Editor Choice:  Slow Cooker Orange Chicken Recipe: A Zesty Twist on a Classic

Frequently Asked Questions

Can I use frozen chicken in this recipe?

Yes, you can use frozen chicken, but it’s best to adjust the cooking time. Add 1-2 extra hours on low heat to ensure the chicken cooks through safely. However, for even results, thawing it first is recommended to prevent the vegetables from overcooking while waiting for the chicken to defrost. Always check the internal temperature with a meat thermometer—it should reach 165°F before shredding.

How long does this soup last in the refrigerator?

This chicken noodle soup will keep well in an airtight container in the refrigerator for up to 4 days. The noodles may absorb some broth over time, so when reheating, add a splash of water or broth to restore the consistency. For best quality, store it without garnishes and add fresh parsley when serving. Always reheat it thoroughly on the stove or in the microwave until steaming hot.

Can I freeze this crock pot chicken noodle soup?

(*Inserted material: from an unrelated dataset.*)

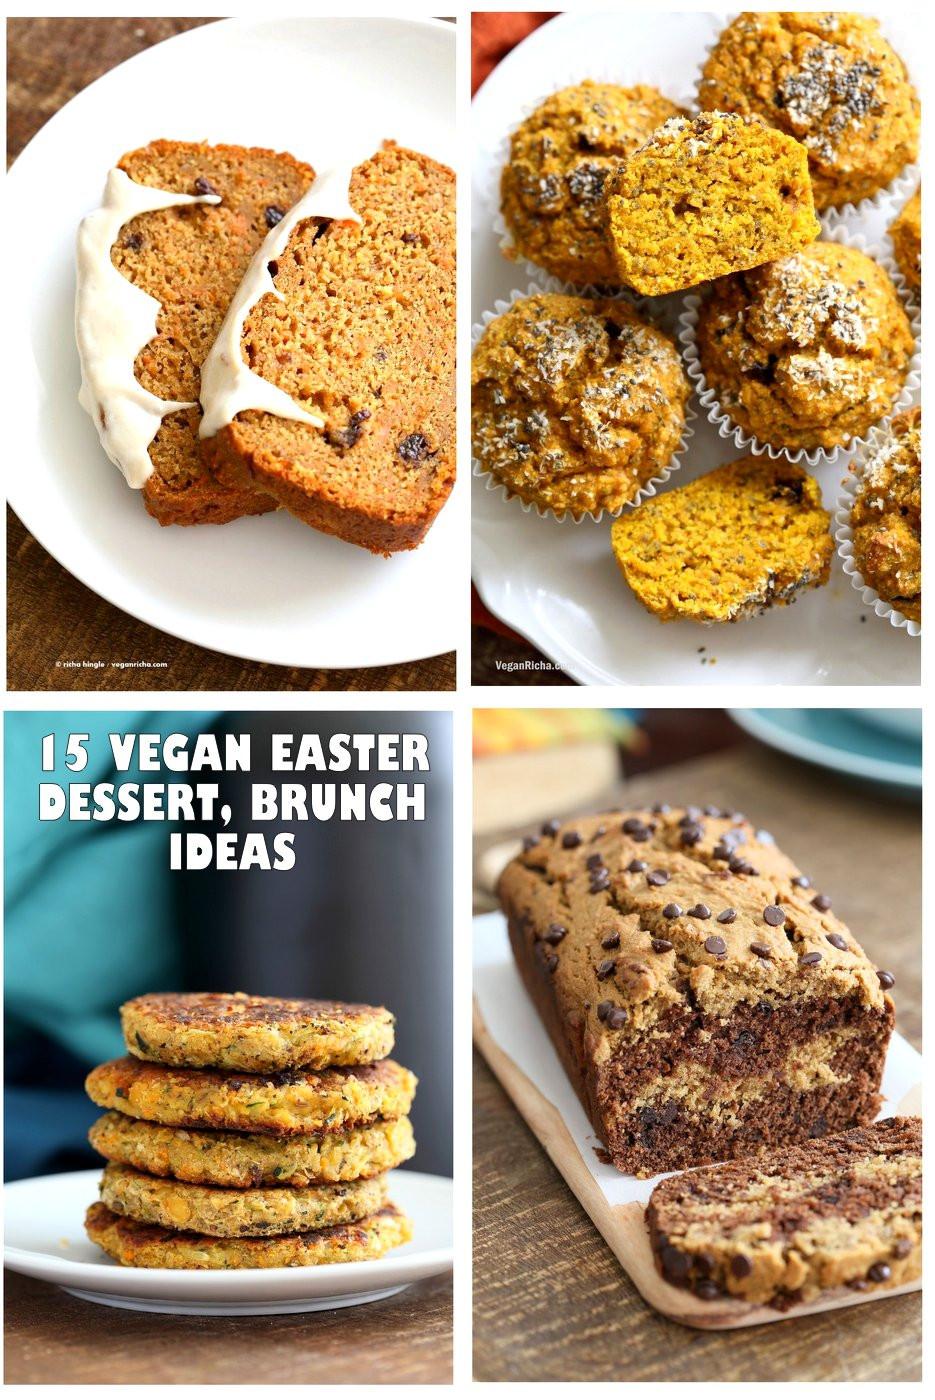 Vegan Easter Desserts 15 Vegan Easter Brunch and Dessert Recipes Vegan Richa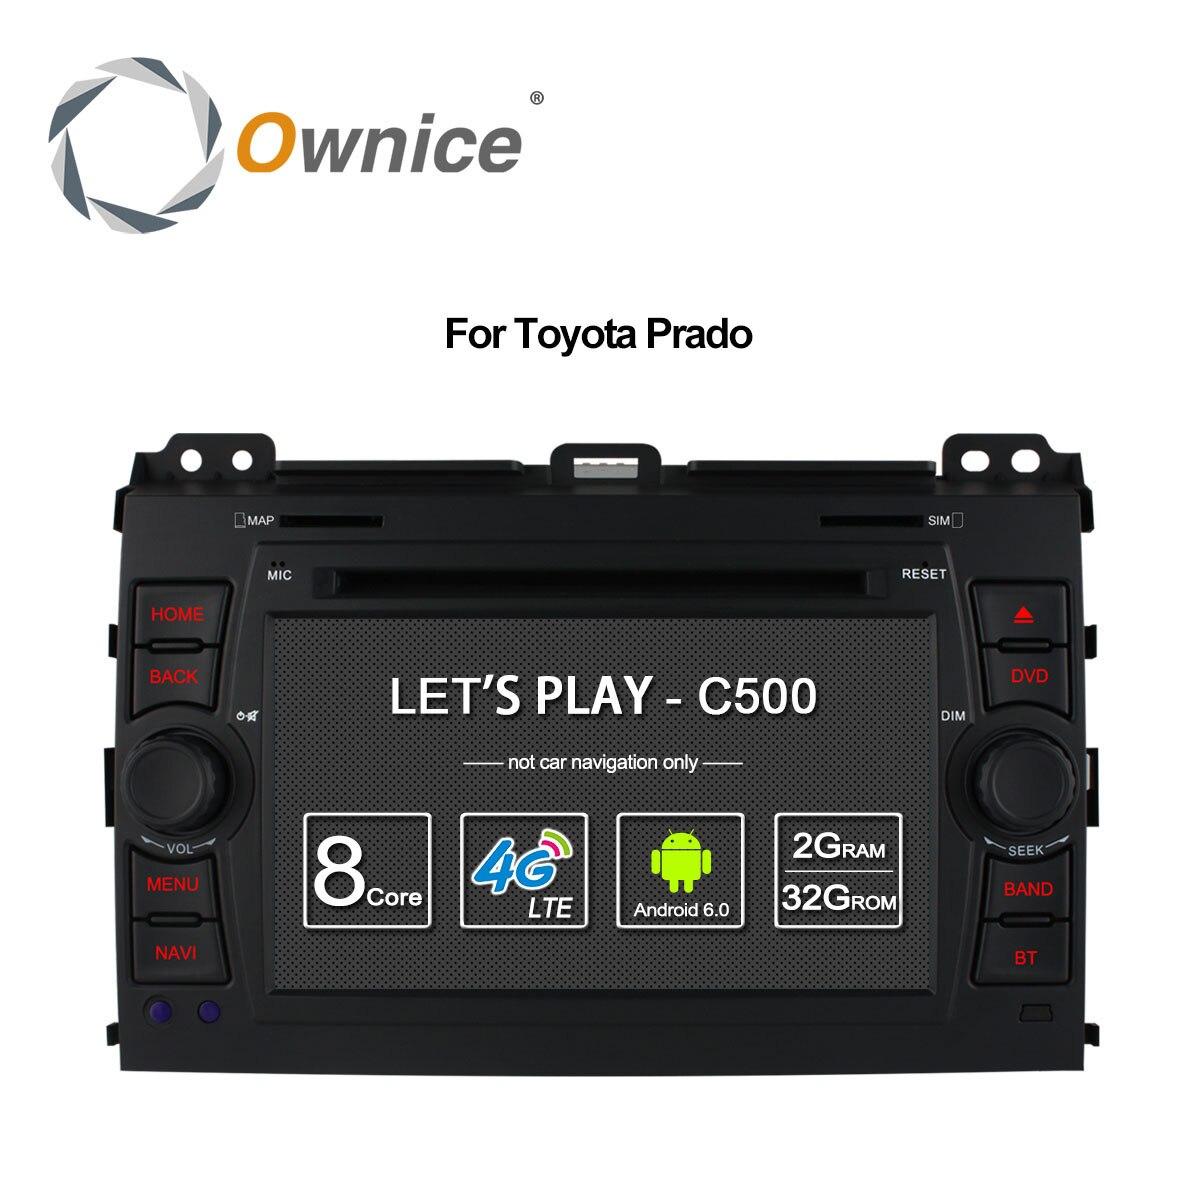 Ownice C500 4 г LTE SIM Octa 8 core Android 6.0 dvd-плеер автомобиля для Toyota Land Cruiser Prado 120 2002-2009 GPS Navi Радио 32 г Встроенная память

You can freeze it, but be aware that the noodles may become soft and mushy upon thawing. For better results, freeze the soup without noodles and add freshly cooked noodles when reheating. Portion it into freezer-safe containers, leaving some space for expansion, and it will last for up to 3 months. Thaw in the refrigerator overnight before reheating on the stove.

What if my soup is too watery or too thick?

If the soup is too watery, mix 1 tablespoon of cornstarch with 2 tablespoons of cold water and stir it into the soup during the last 30 minutes of cooking to thicken it. If it’s too thick, simply add more broth or water until it reaches your desired consistency. Remember, the noodles will absorb liquid over time, so adjustments are easy to make during or after cooking.

Can I make this recipe on the stovetop instead?

Absolutely! For a stovetop version, sauté the onions, garlic, carrots, and celery in a large pot with a tablespoon of oil for 5 minutes. Add the chicken, broth, and seasonings, bring to a boil, then simmer covered for 20-25 minutes until chicken is cooked. Shred the chicken, return it to the pot, add noodles, and cook for another 8-10 minutes until noodles are tender. It’s faster but requires more attention.

Summary

This crock pot chicken noodle soup is the ultimate hands-off comfort food—tender chicken, hearty veggies, and cozy broth that simmers to perfection. Perfect for busy days or soothing souls, it’s customizable, healthy, and utterly delicious. Set it, forget it, and enjoy!